- Landing at Cape Domesnes: Part of the Eastern front of World War I
| Date | 22 [O.S. 9 October] 1915 |
| Location | Cape Kolka, Russian Empire (Now in Latvia) |
| Result | Russian victory |

Belligerents
- Germany: Russian Empire Imperial Navy; ;

Commanders and leaders
- Unknown: Alexander Kolchak Pavel Shishko [ru]

Strength
- Unknown: 500–536

Casualties and losses
- 100 1 fort: 4 wounded

= Landing at Cape Domesnes =

Landing at Cape Domesnes (Высадка в порту Домеснес; Landung im Hafen von Domesnes) was a Russian landing operation during World War I. It was the largest Russian landing force in the war, and, as a result, the Russians fulfilled their goals. Alexander Kolchak, famous for the Civil War, participated in the battle.

==Background==

During the great retreat, German ground forces reached the coast of the Gulf of Riga. In order to capture Riga, they tried to establish dominance in the strait, but suffered a crushing defeat and were forced to retreat.
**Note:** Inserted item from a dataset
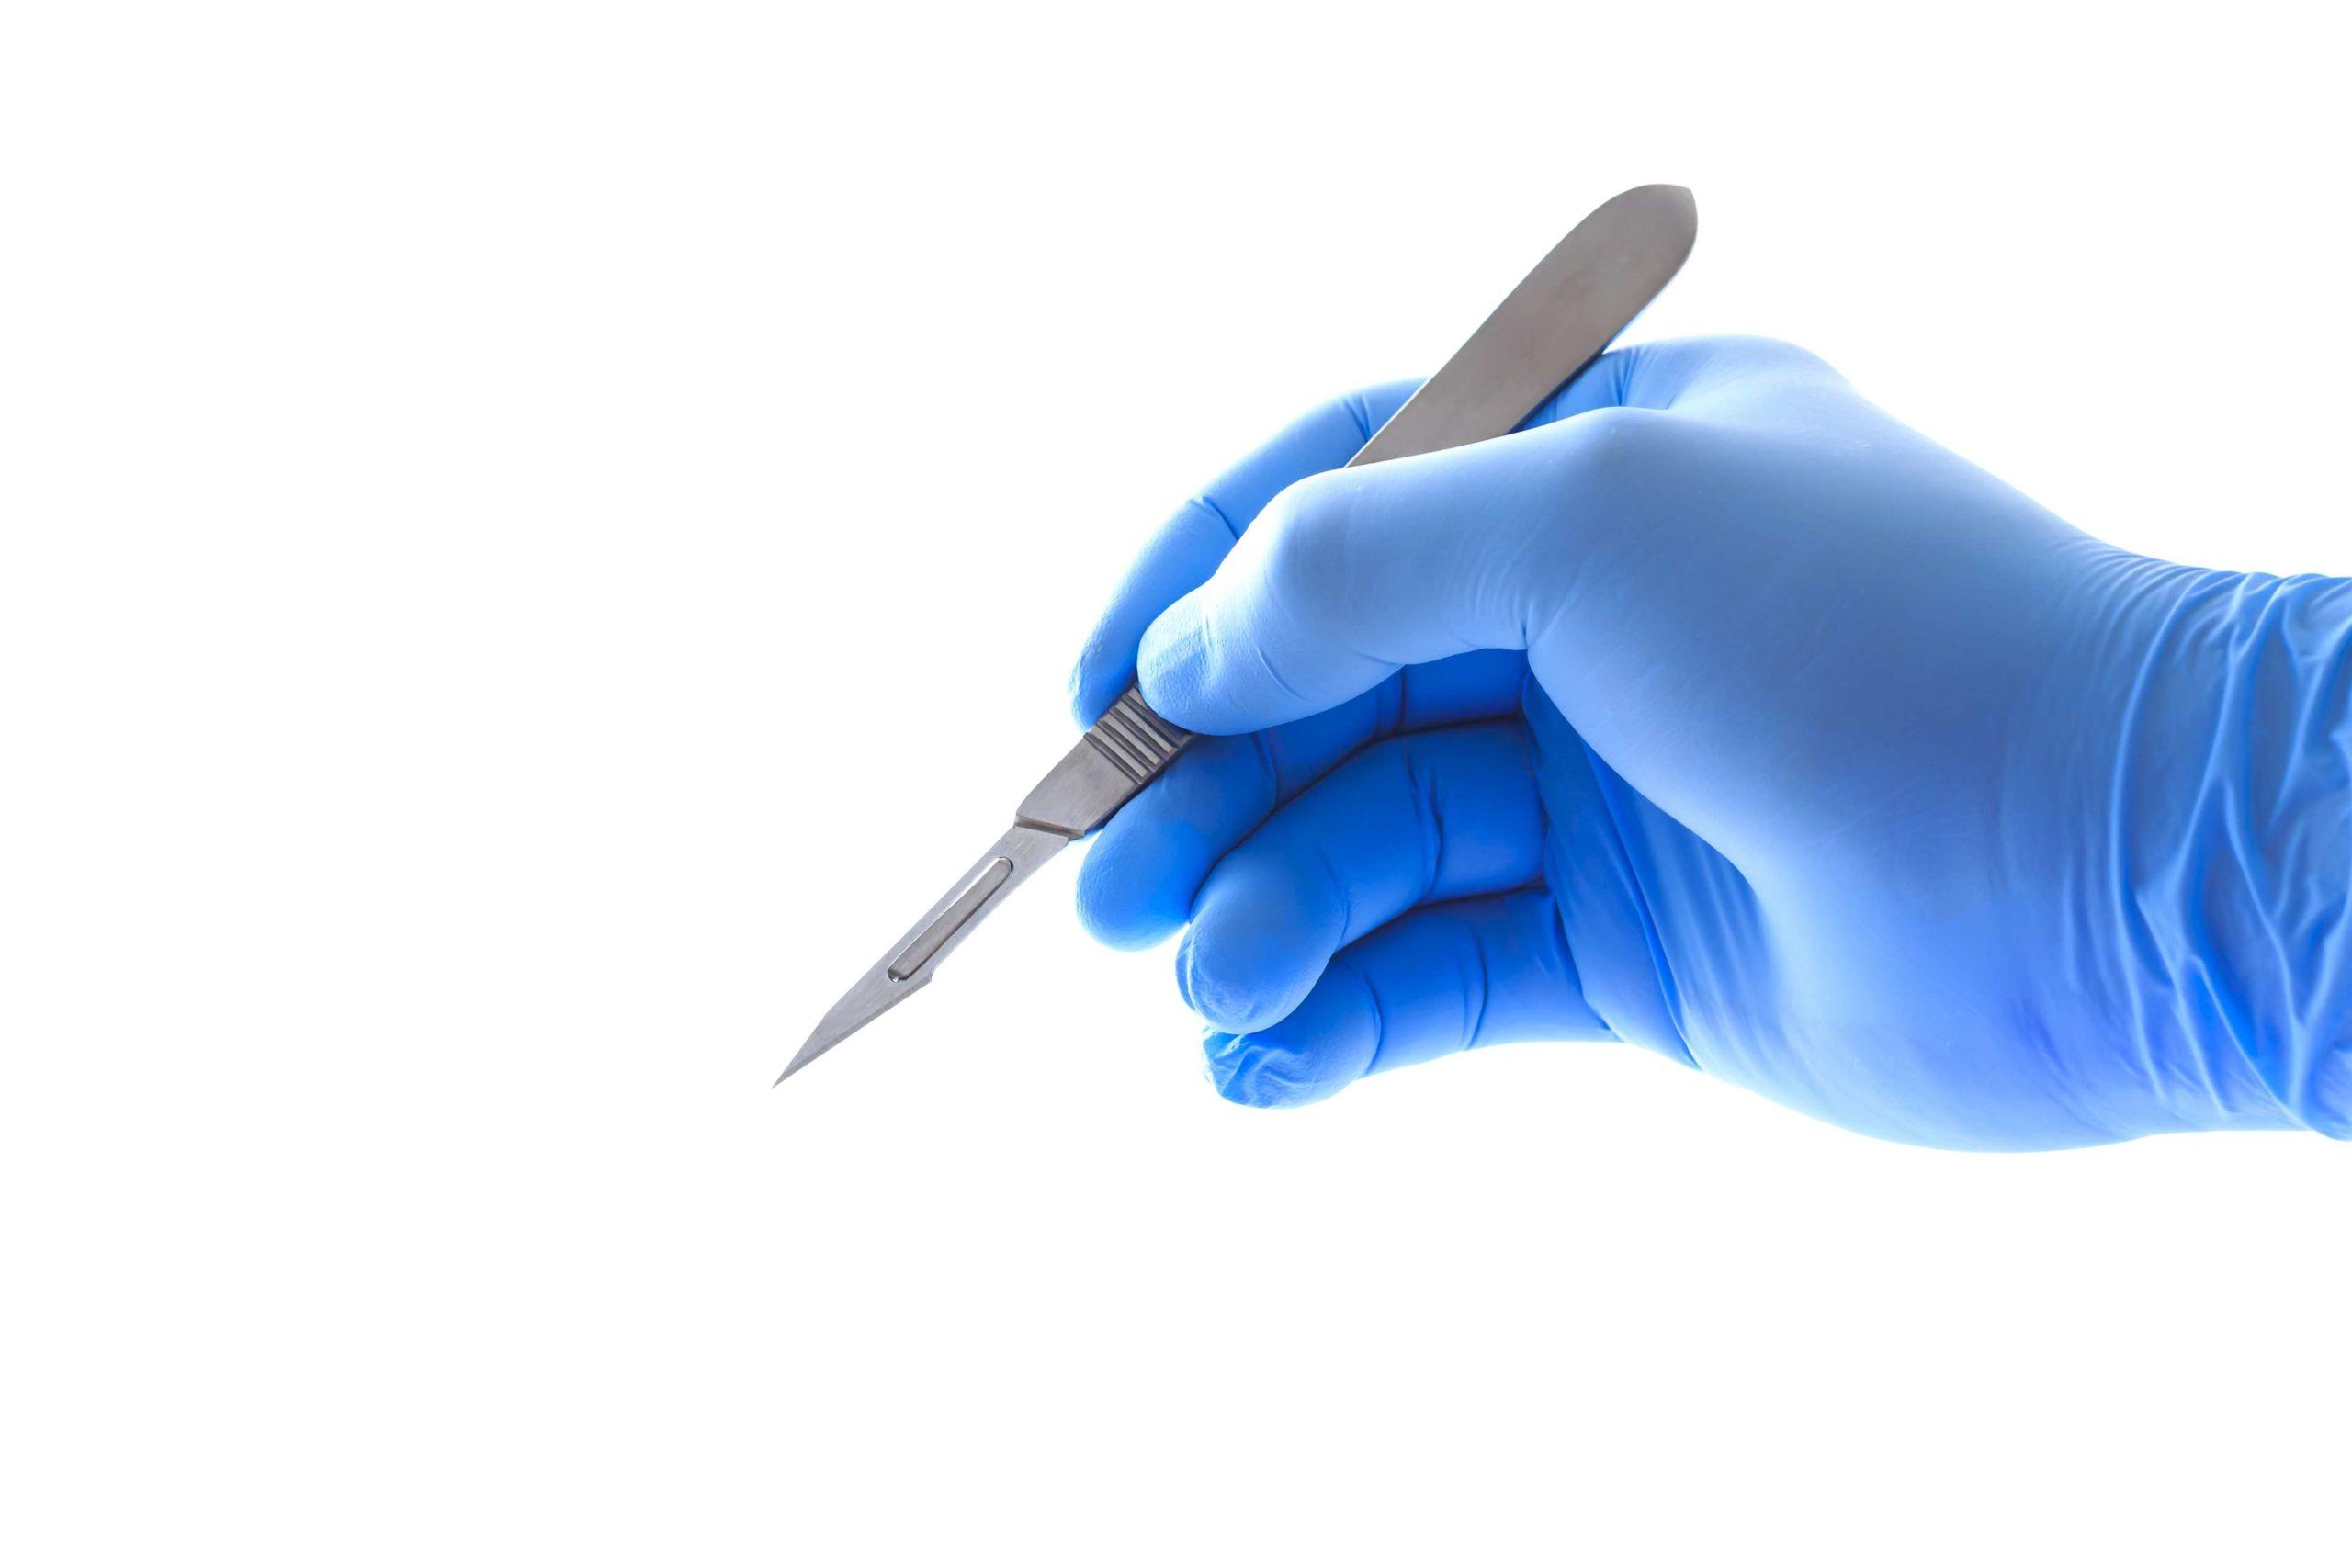 Arzthand hält ein Skalpell mit Beschneidungspfad

Now the Russian fleet dominated the strait, and some operations were carried out to help the ground forces.

==Battle==
The operation began at dawn with the bombing, the Germans position, they did not betray this importance, which had a decisive influence on the course of the battle. The Germans did not know about the landing, which allowed the troops who landed to restore order and establish command of the troops. On the way to the enemy's fortifications, the Russians met a German company and stabbed the whole with bayonets. After that, the Russians reached the fortifications and destroyed several forts, and as soon as the main German forces approached, they immediately evacuated.
==Aftermath==
As a result, panic was sown in the German rear, which allowed us to gain time for the defense of Riga. This is the largest landing of Russians during the World War.